### YOUR ASSIGNMENT
Print each line below verbatim, skipping every picture.

═════ DATA

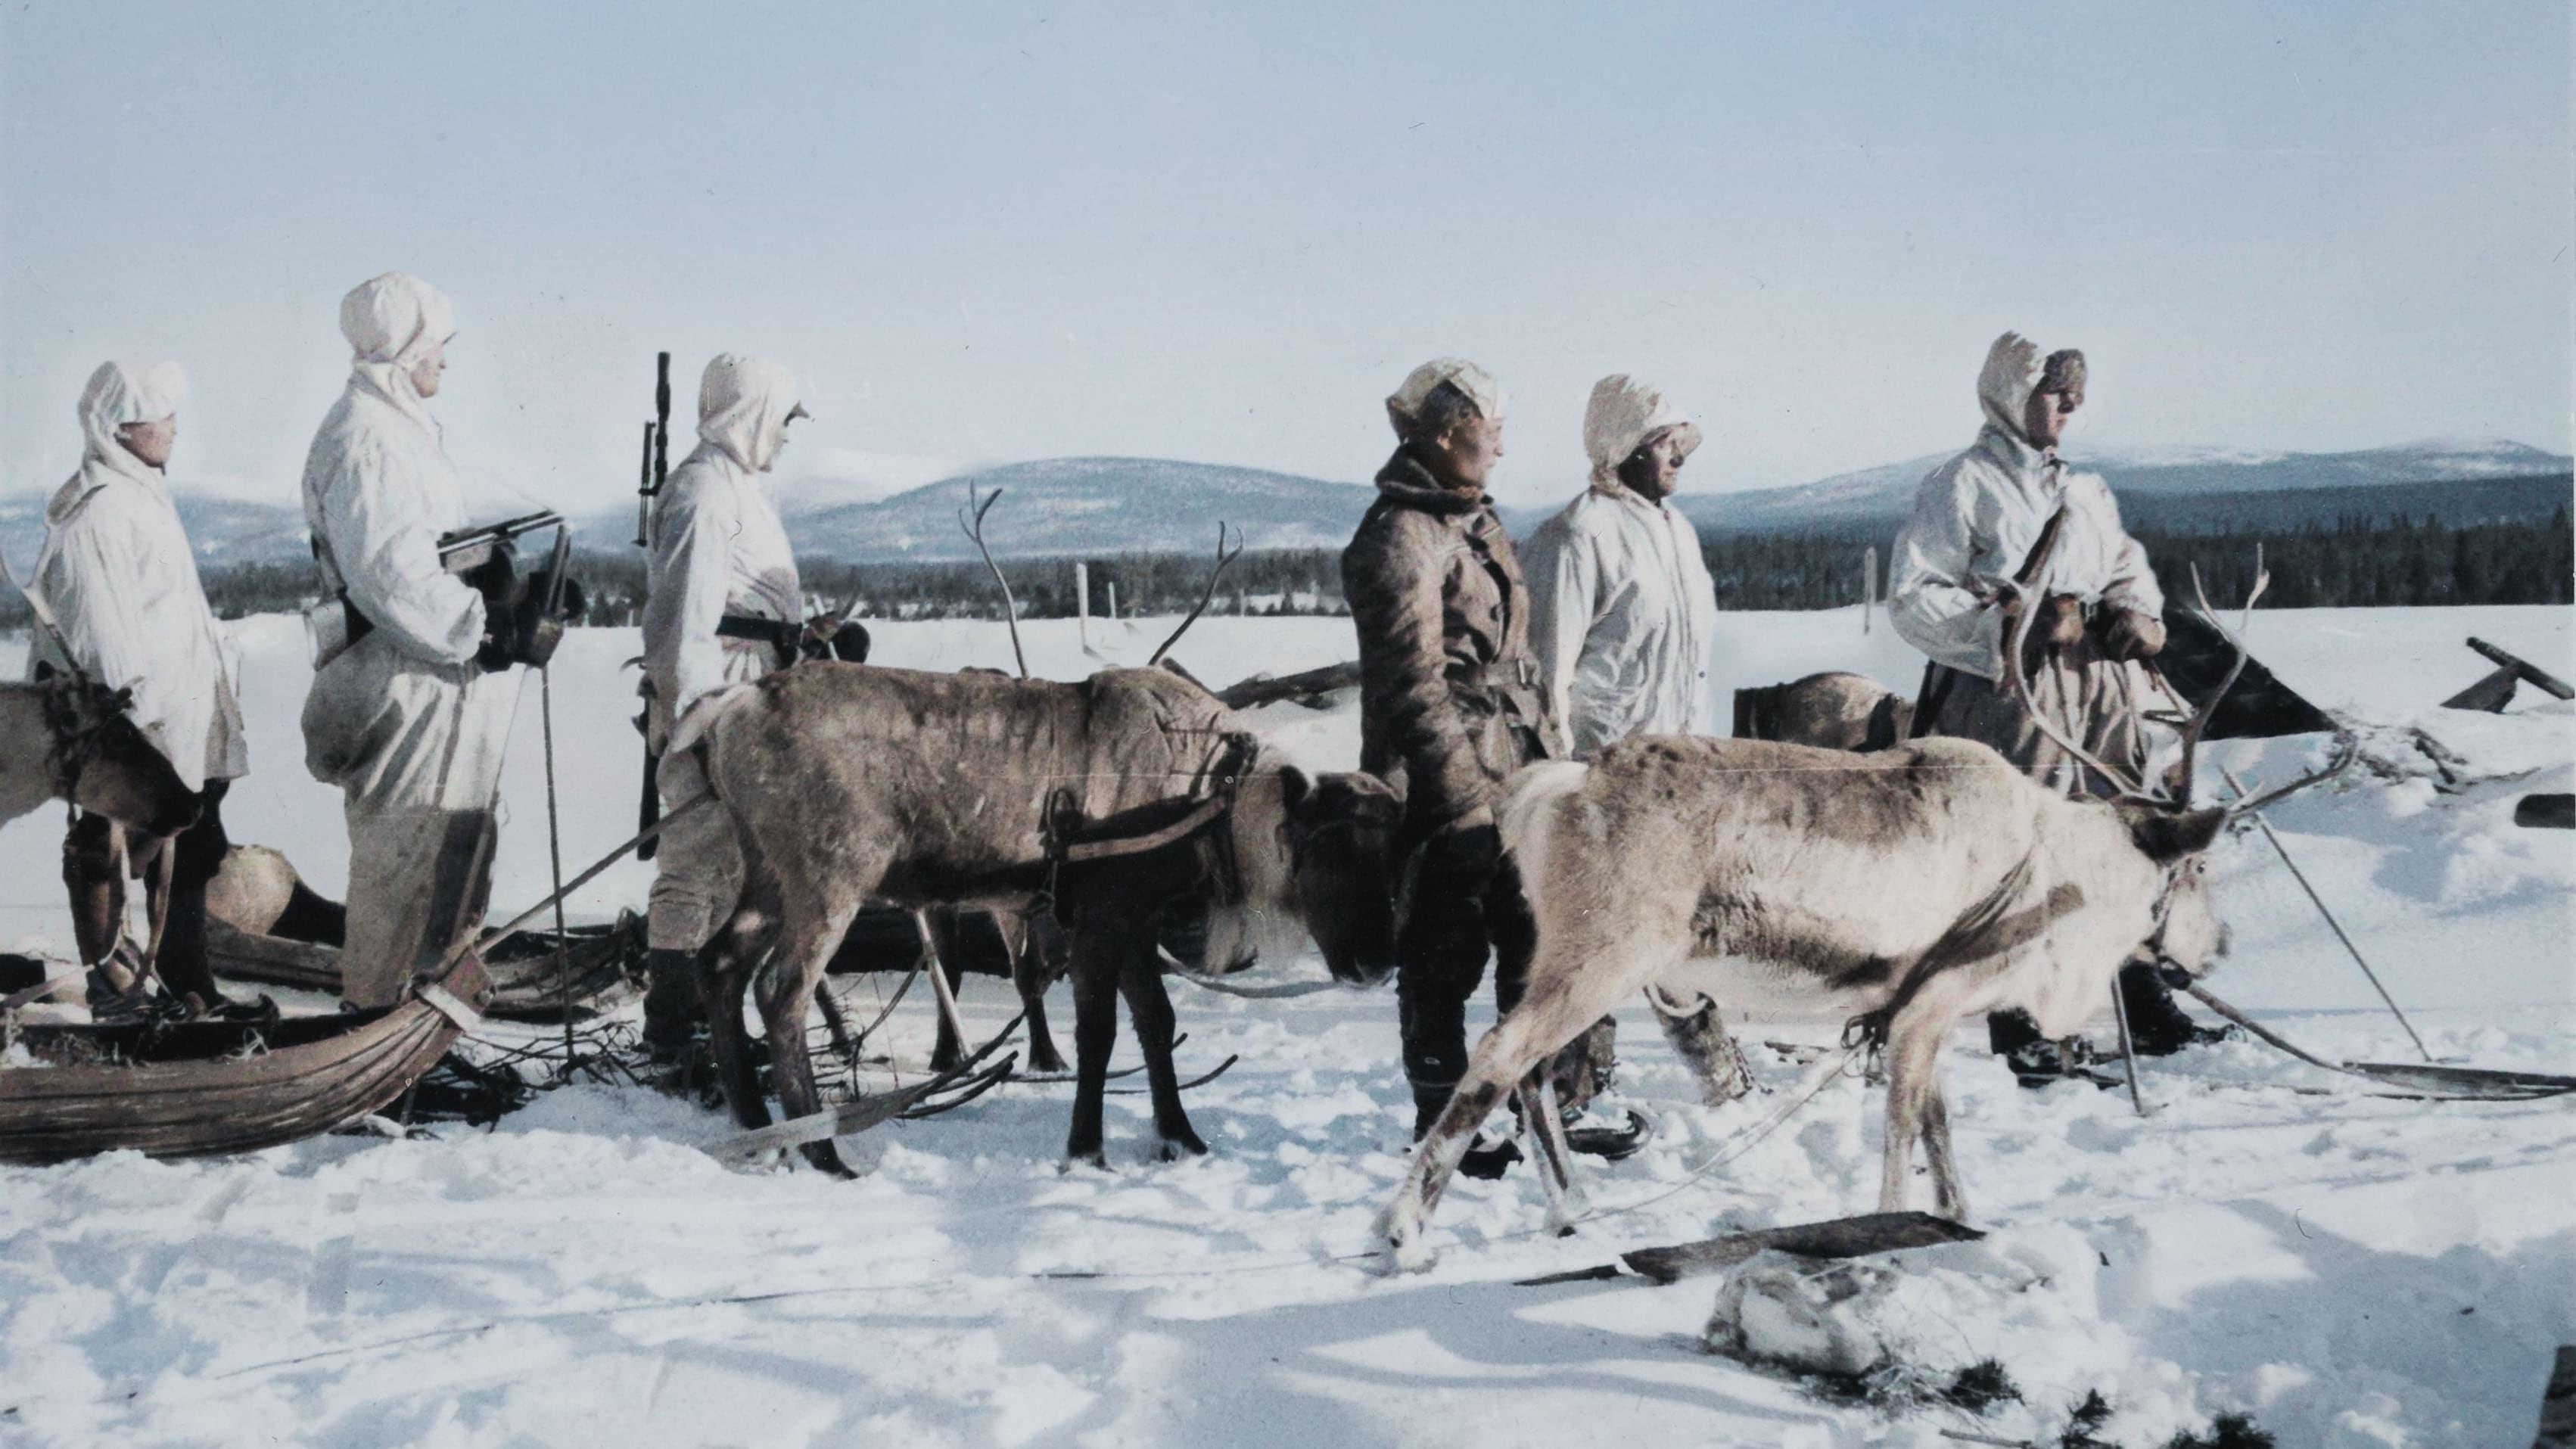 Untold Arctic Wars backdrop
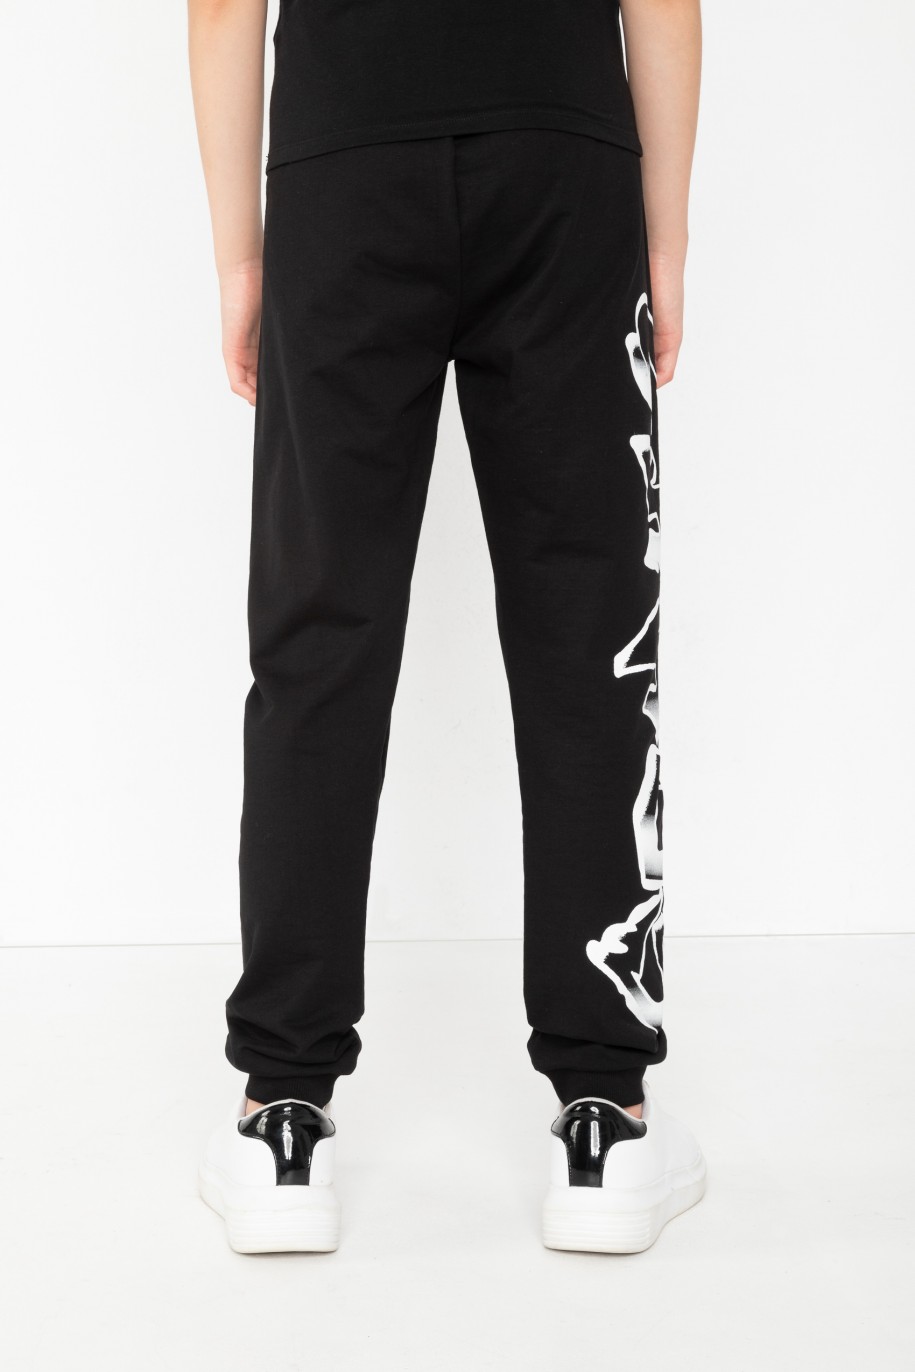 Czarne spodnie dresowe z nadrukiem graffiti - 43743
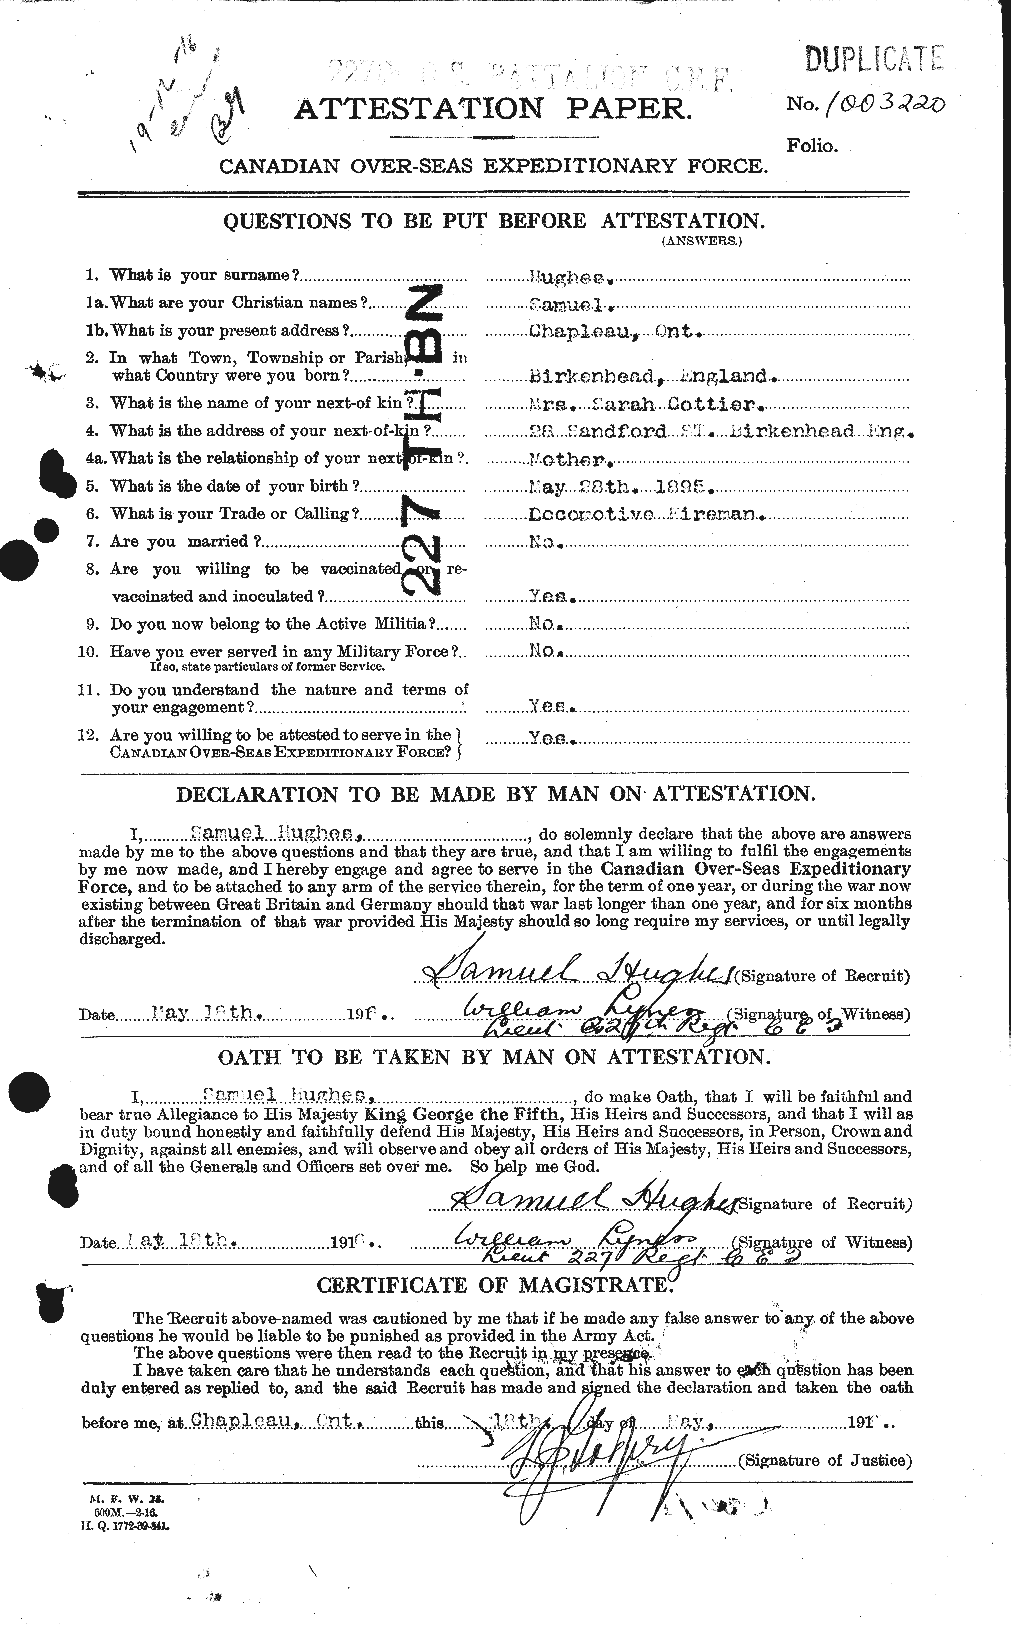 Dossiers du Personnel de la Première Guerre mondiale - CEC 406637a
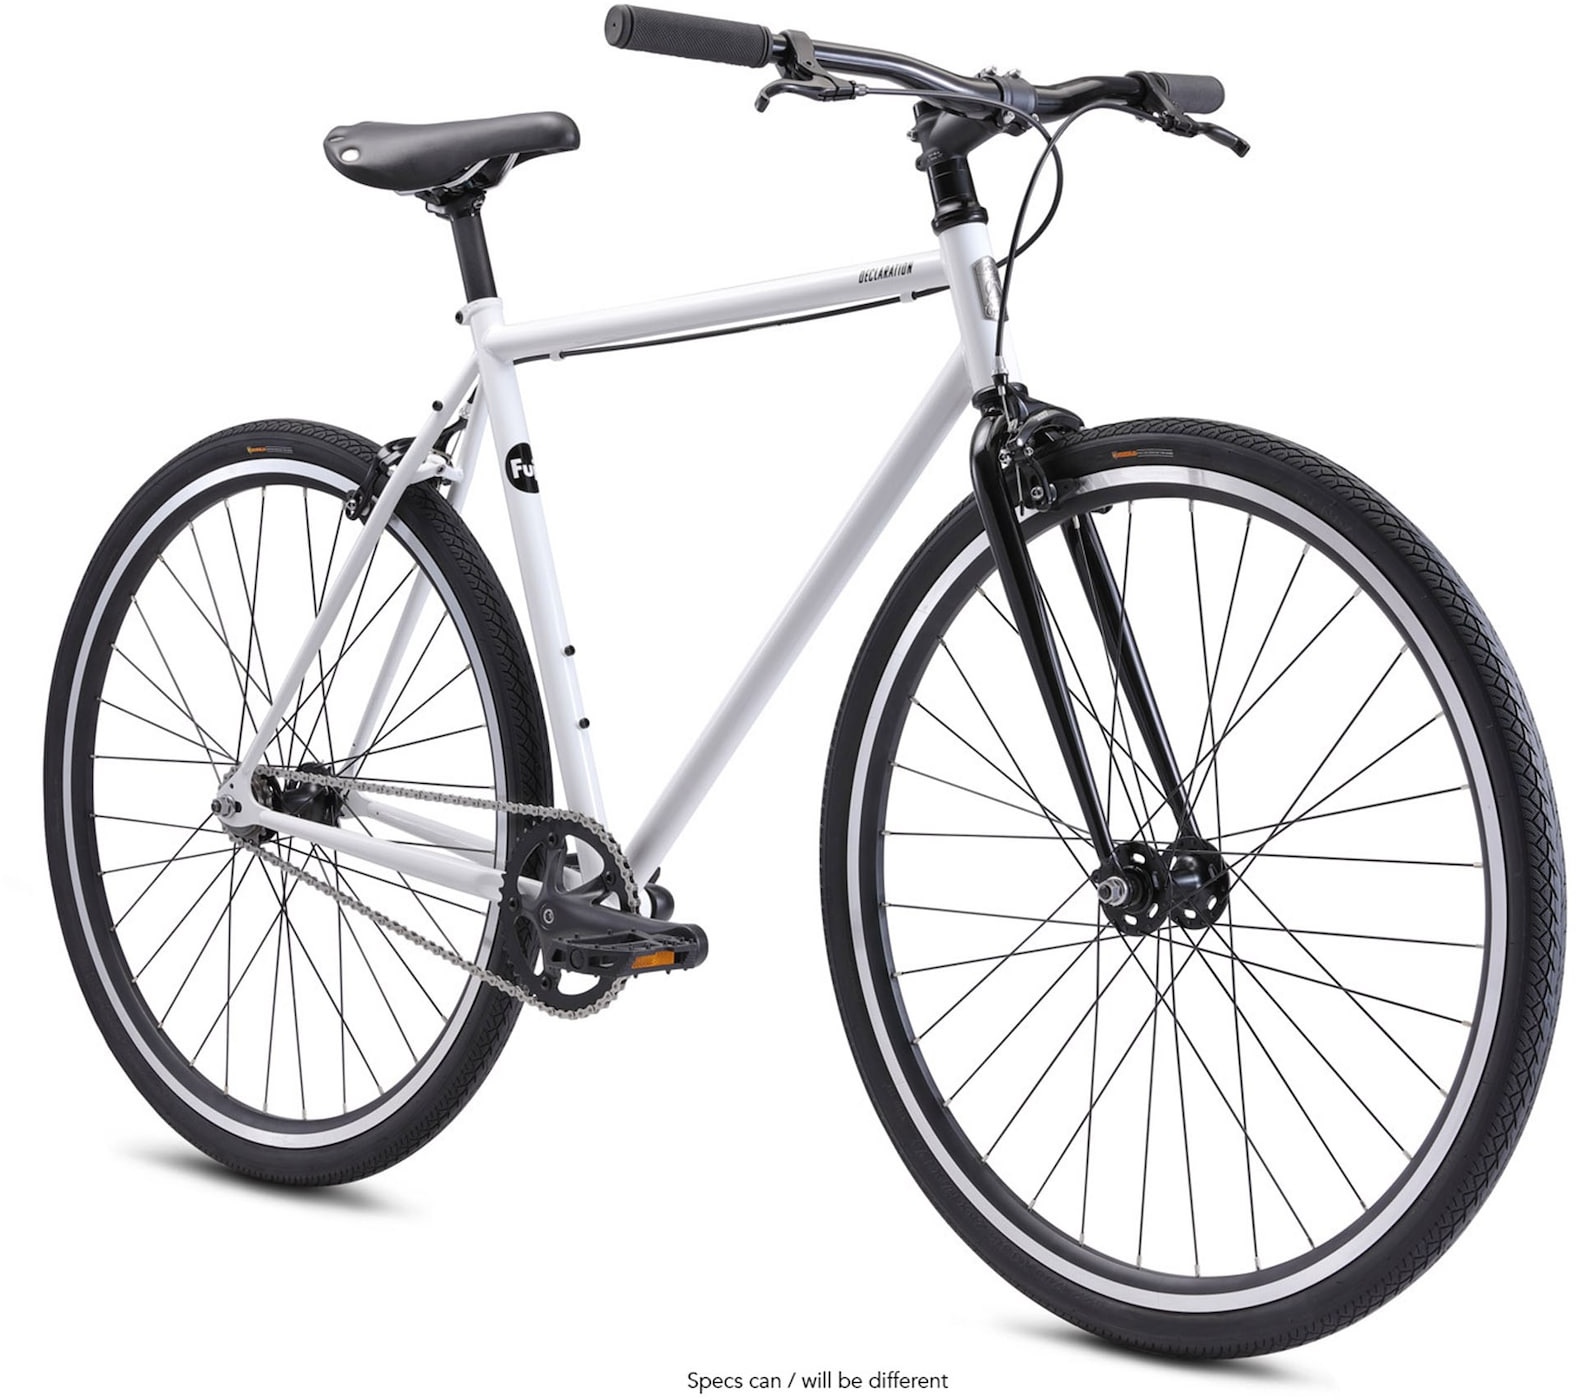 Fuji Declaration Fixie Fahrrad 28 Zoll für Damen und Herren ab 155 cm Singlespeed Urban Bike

══════════

### WRITTEN REPLY
 Untold Arctic Wars backdrop
 Czarne spodnie dresowe z nadrukiem graffiti - 43743
 Dossiers du Personnel de la Première Guerre mondiale - CEC 406637a
 Fuji Declaration Fixie Fahrrad 28 Zoll für Damen und Herren ab 155 cm Singlespeed Urban Bike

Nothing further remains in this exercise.